As off-road enthusiasts, "we're cool with setting aside property for wildlife," said Wayne Nosala , a resident of nearby Wonder Acres and active in the California Off-Road Vehicle Association. "The majority of us are conservationists. We clean up the desert. We pack most of our stuff out."

The problem arises, he said, when public lands are closed off to public use. "What we're seeing here is a Pac Man effect," he said. "(California Department of) Fish and Game is munching up pieces of land and they are fencing us out."

The problem goes further than closing off a recreational area.
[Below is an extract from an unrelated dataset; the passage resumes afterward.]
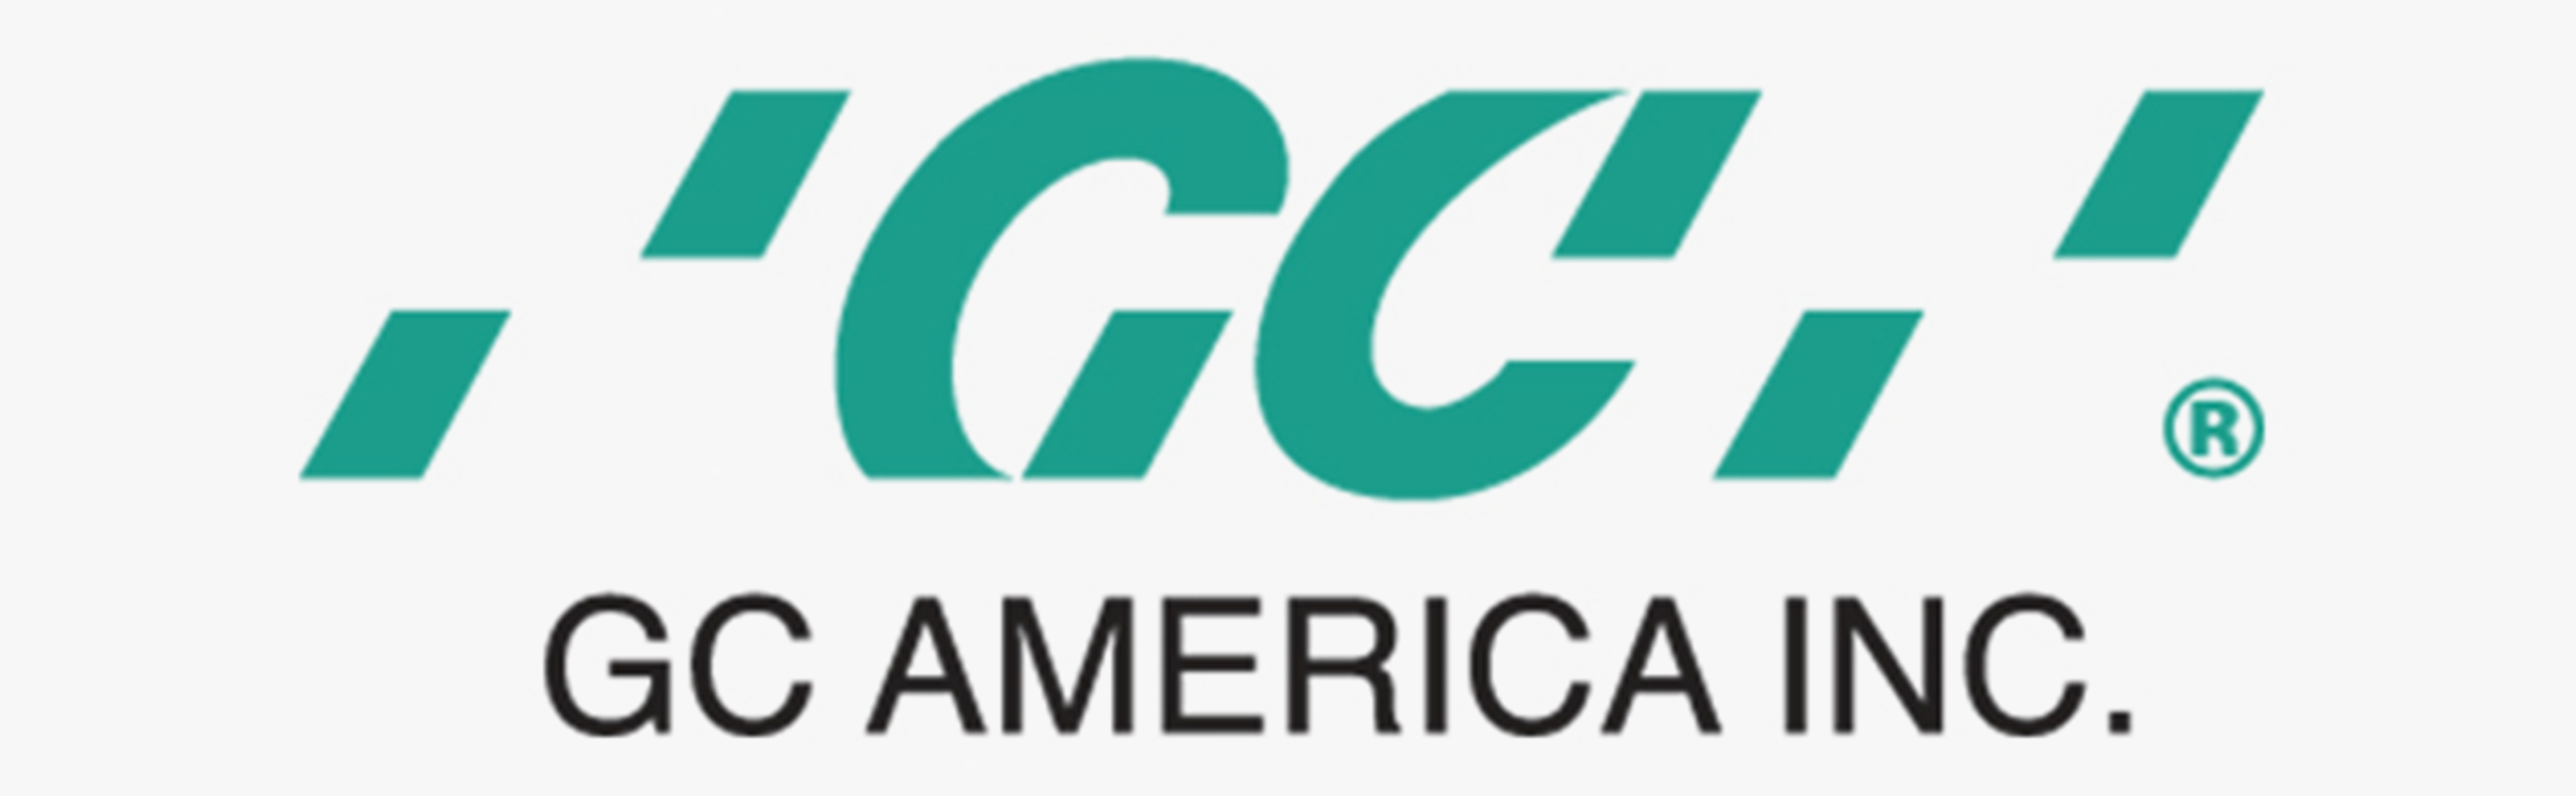 GC America, Inc.

City officials are concerned about some long-established roads being closed, creating safety issues, both of access and the danger of someone actually running into a newly placed fence, City Manager Bill Way said.

At least one road, Colgate, is used by the city's police and fire departments to respond to emergencies.

California City Police Chief Linda Lunsford called it "the main throughfare for units to go from one side of the city to the other."

These roads are not trails in some remote area: "It's a city street," Lunsford said.

There was no specific notification about the fences being installed at this time, Way said, although he believes fencing was discussed in the original negotiations.

According to Single, the fencing was part of the environmental impact report for the test track project mitigation, as required by state and federal law. It was subject to public review. "At this point, what we're going to do is review the mitigation requirements, review the parcels to be fenced and look at the off-highway vehicles recreational patterns," Single said, then see how all the interests may be accommodated.

Part of the problem is that the mitigation process required Hyundai to acquire land that is suitable habitat and from "willing sellers," Single said. This means that the total acreage has been acquired in pieces, rather than one big block.

The off-roaders see this as one more salvo in the battle to maintain access to the open lands they use for recreation.

"Environmentalists push on Fish and Game to get the entire desert closed to public access," Nosala said. "The environmental agenda is to close everything."

"They're using the tortoise as a tool. There's plenty of tortoises out here, plenty of (endangered Mohave) ground squirrels."

The popular stereotype of off-roaders as "maniacs" - trashing the land and being generally irresponsible - is being used to justify the closure, Nosala said.

He disputes the stereotype, noting their efforts to clean up the desert. "The desert out where people camp … is 10 times cleaner than the desert on the outskirts of the city where residents dump trash." he said.